**WHAT YOU HAVE TO DO**:
Please reproduce the data exactly and omit the pictures.

**DATASET SECTION**:
□ □ □

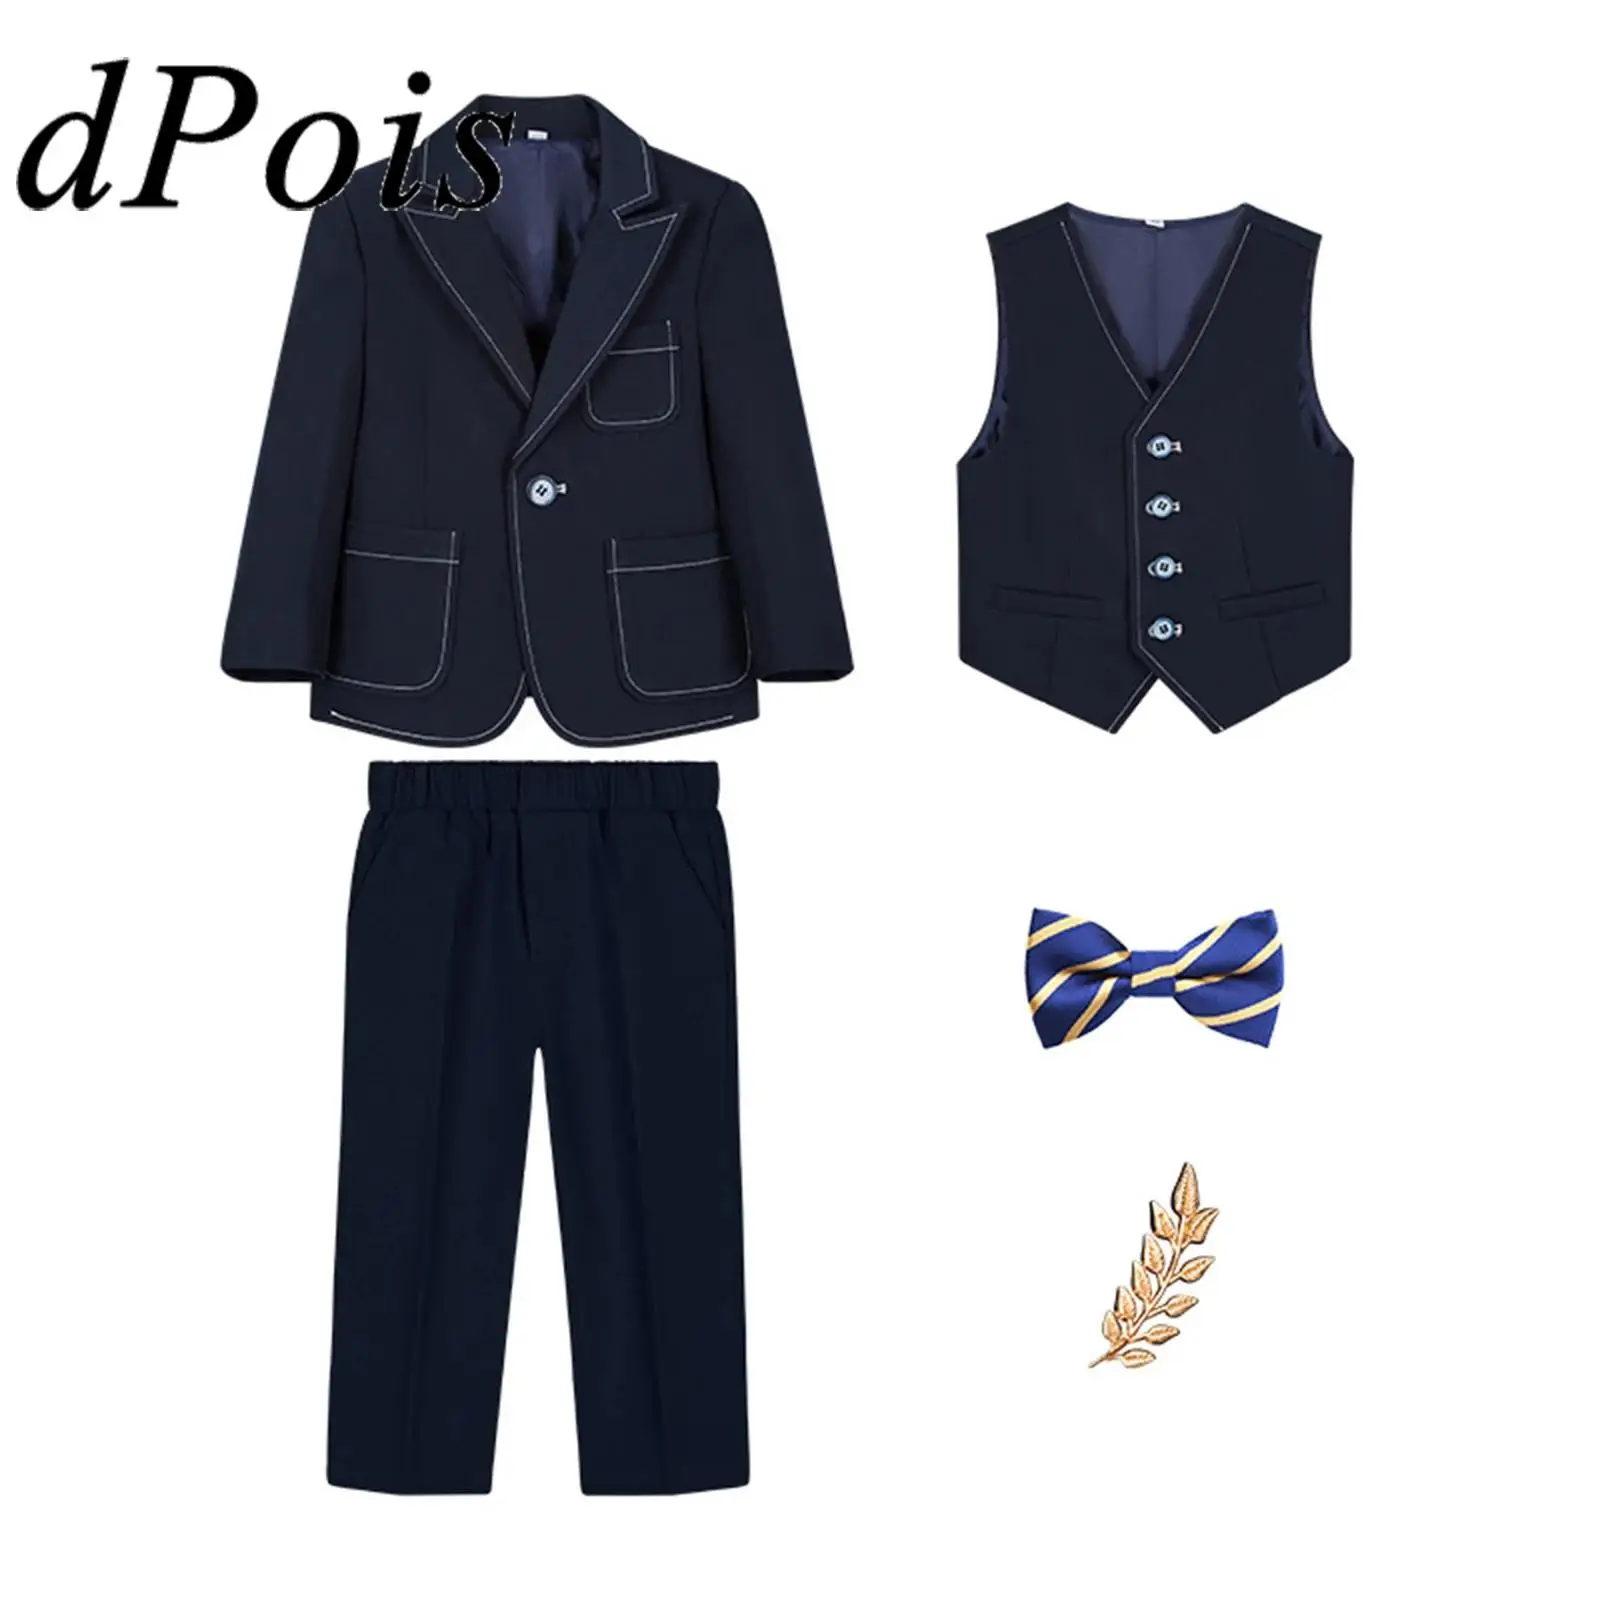 

Kids Boys Formal Suit Christening Gown School Uniforms Clothes Sets for Wedding Banquet Birthday Party 5pcs Gentleman Costumes
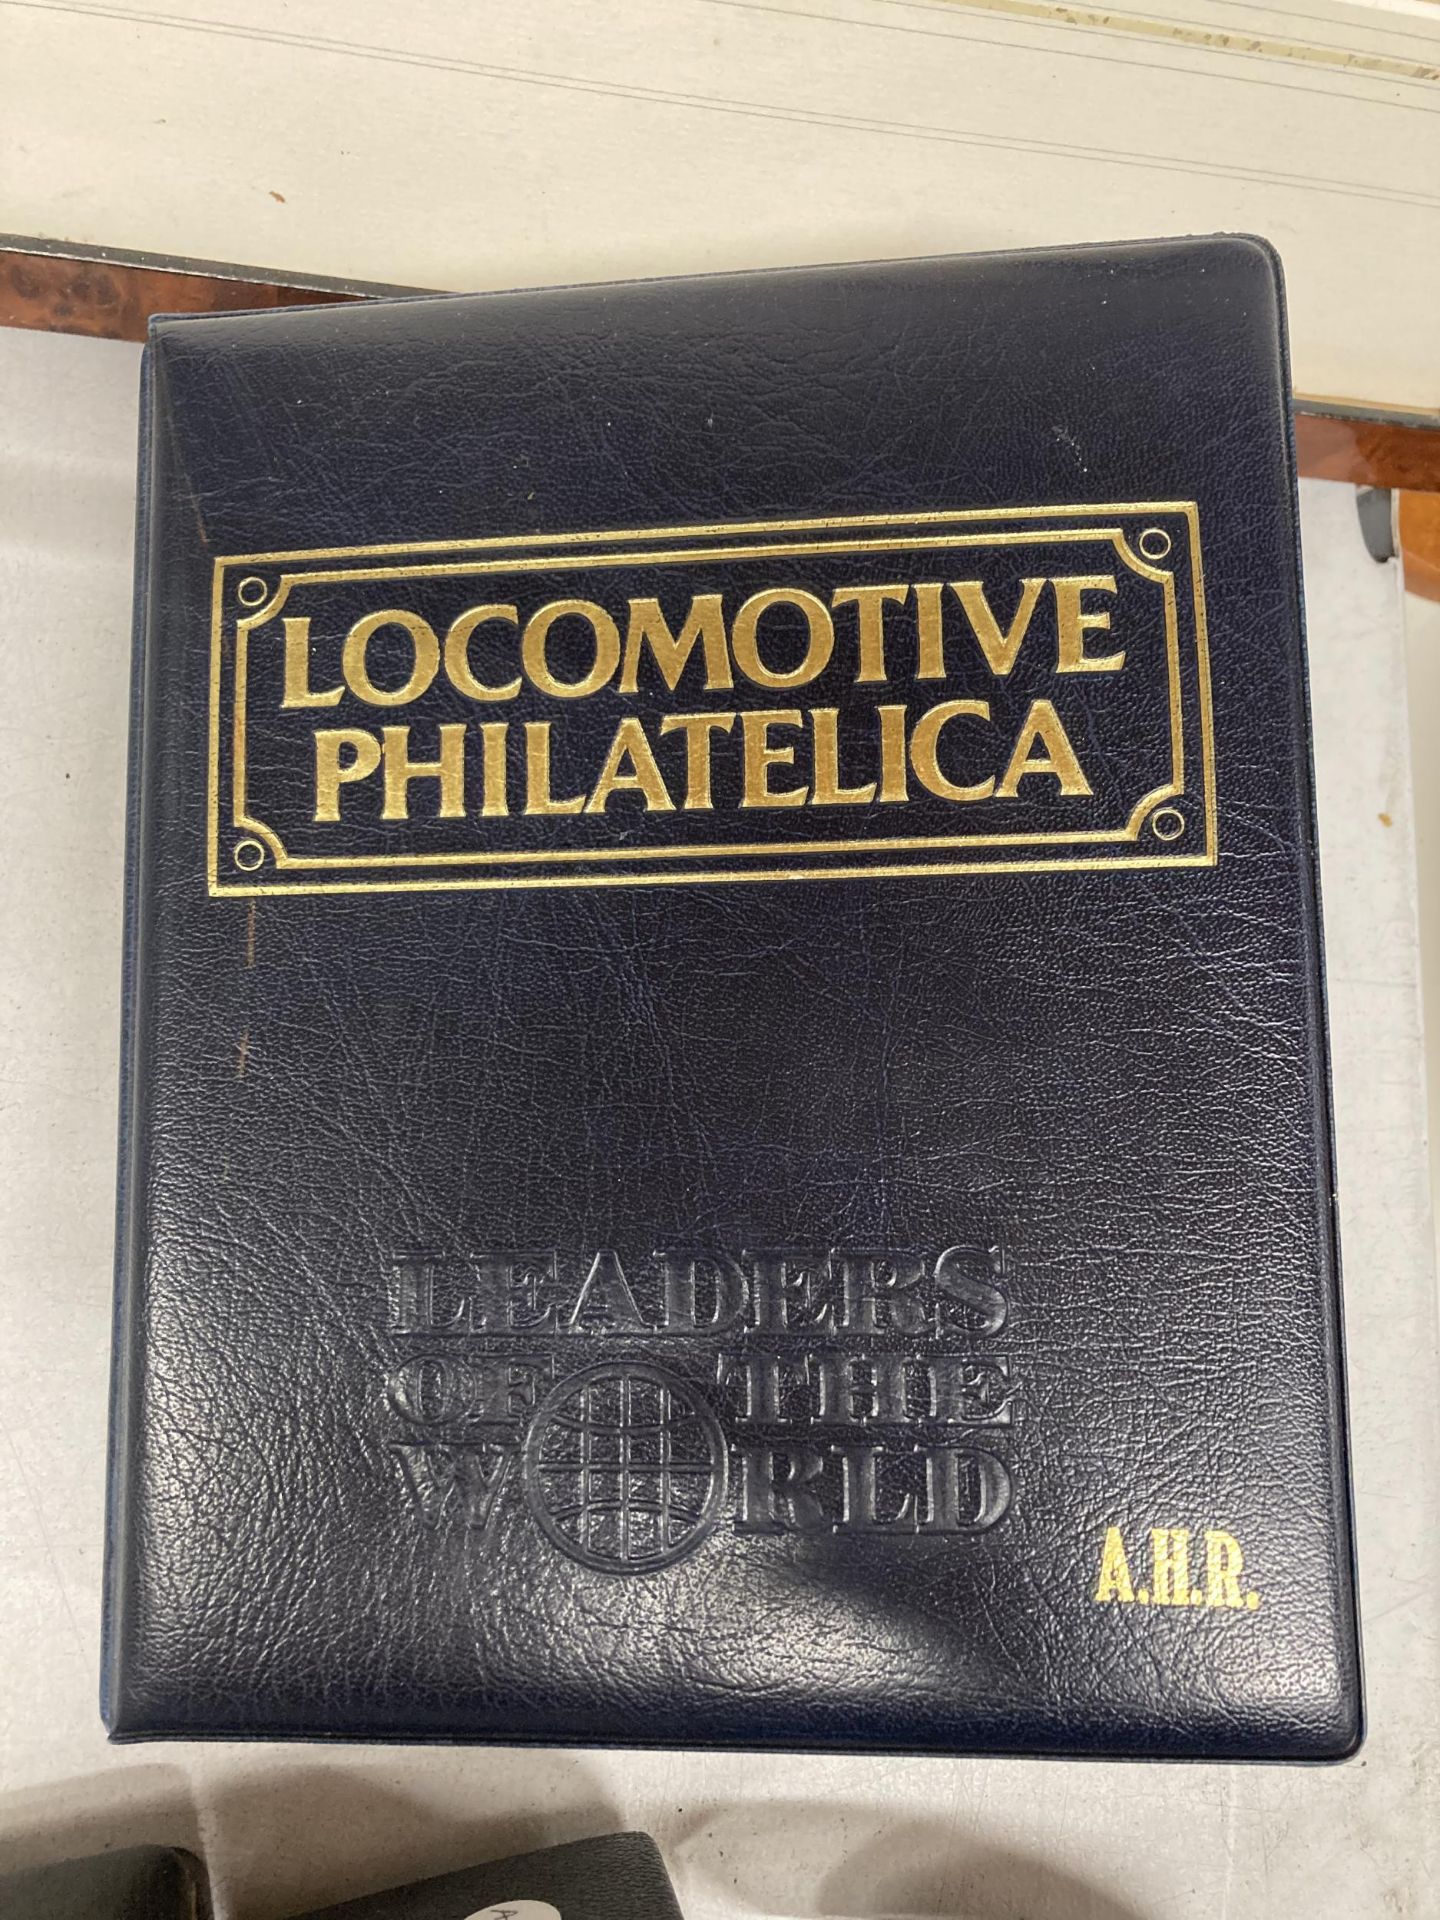 A LOCOMOTIVE PHILATELICA LEADERS OF THE WORLD REFERENCE BOOK
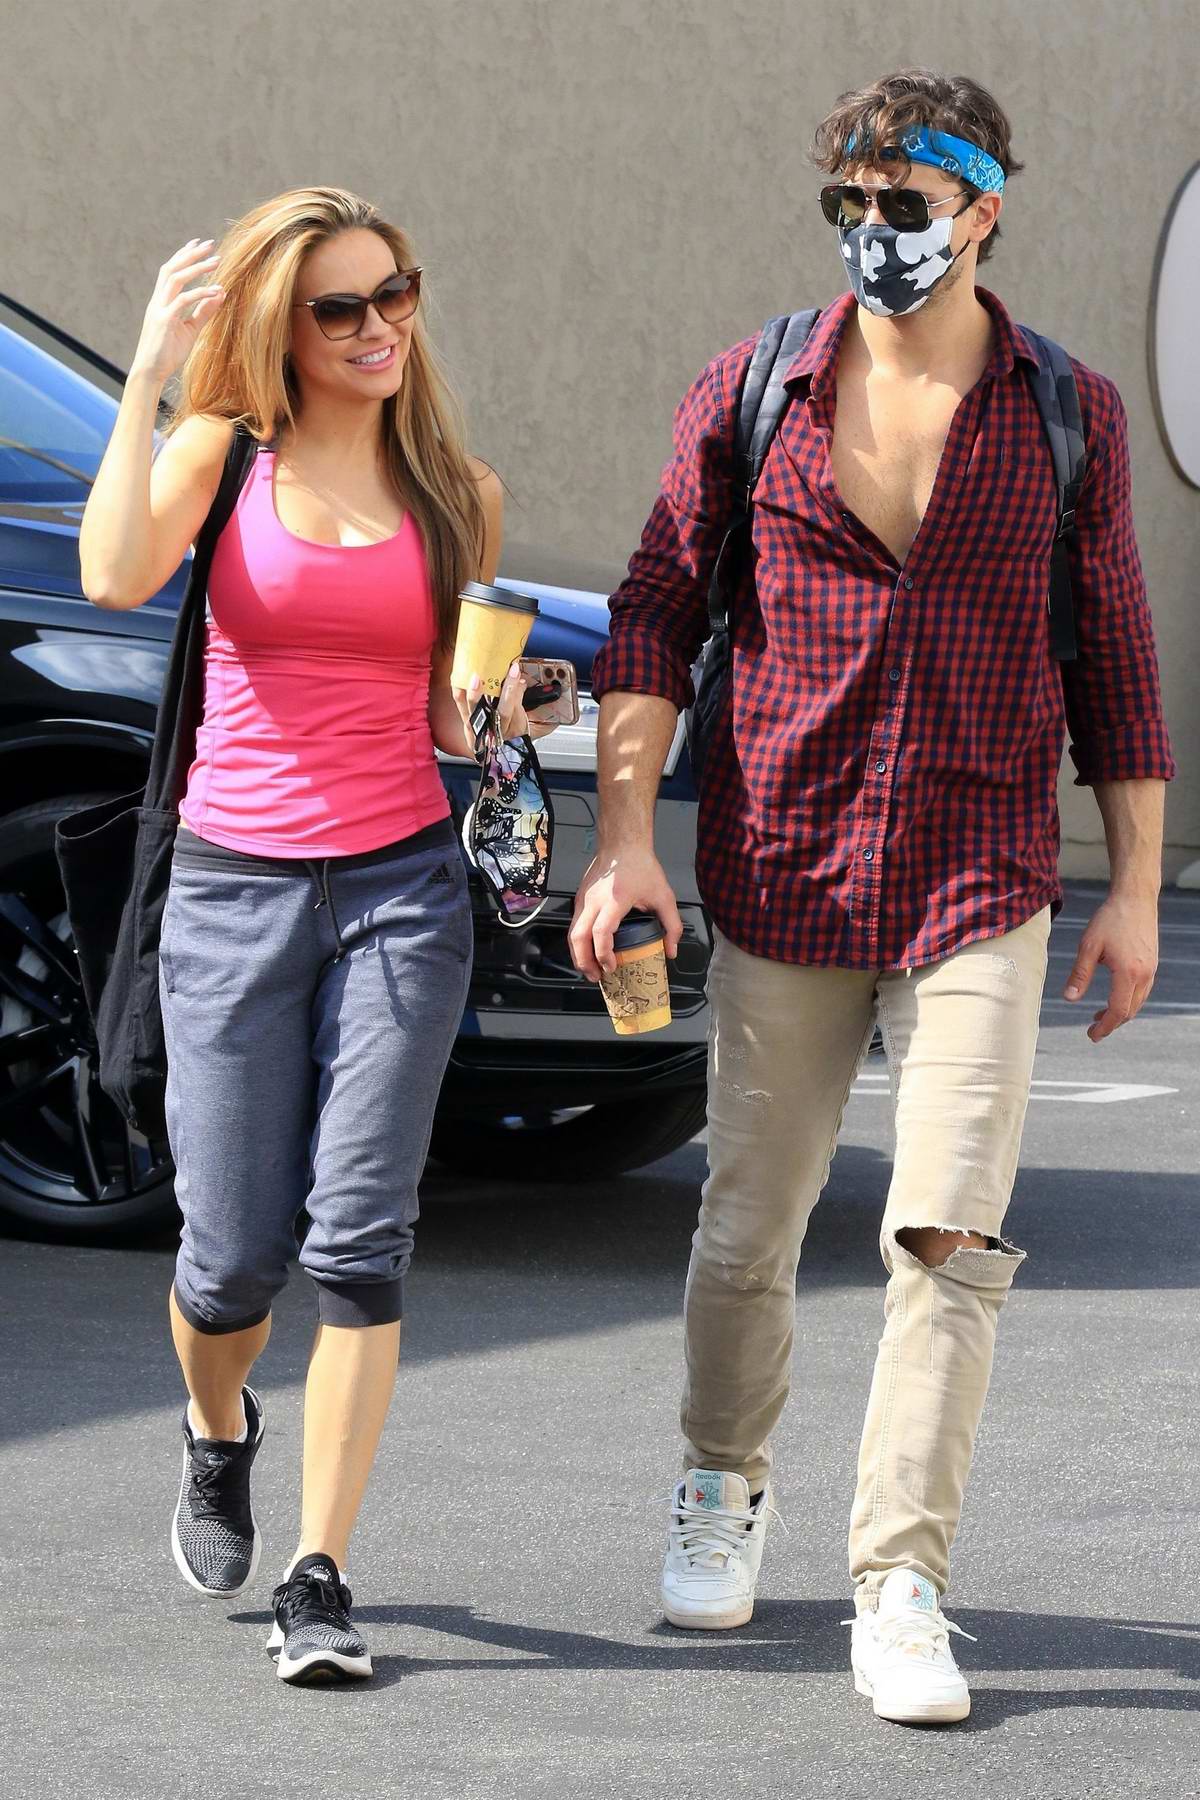 Chrishell Stause wears a hot pink tank top as she arrives at the DWTS  studio in

□ □ □

**ANSWER BOX**:
Kids Boys Formal Suit Christening Gown School Uniforms Clothes Sets for Wedding Banquet Birthday Party 5pcs Gentleman Costumes
 A LOCOMOTIVE PHILATELICA LEADERS OF THE WORLD REFERENCE BOOK
 Chrishell Stause wears a hot pink tank top as she arrives at the DWTS  studio in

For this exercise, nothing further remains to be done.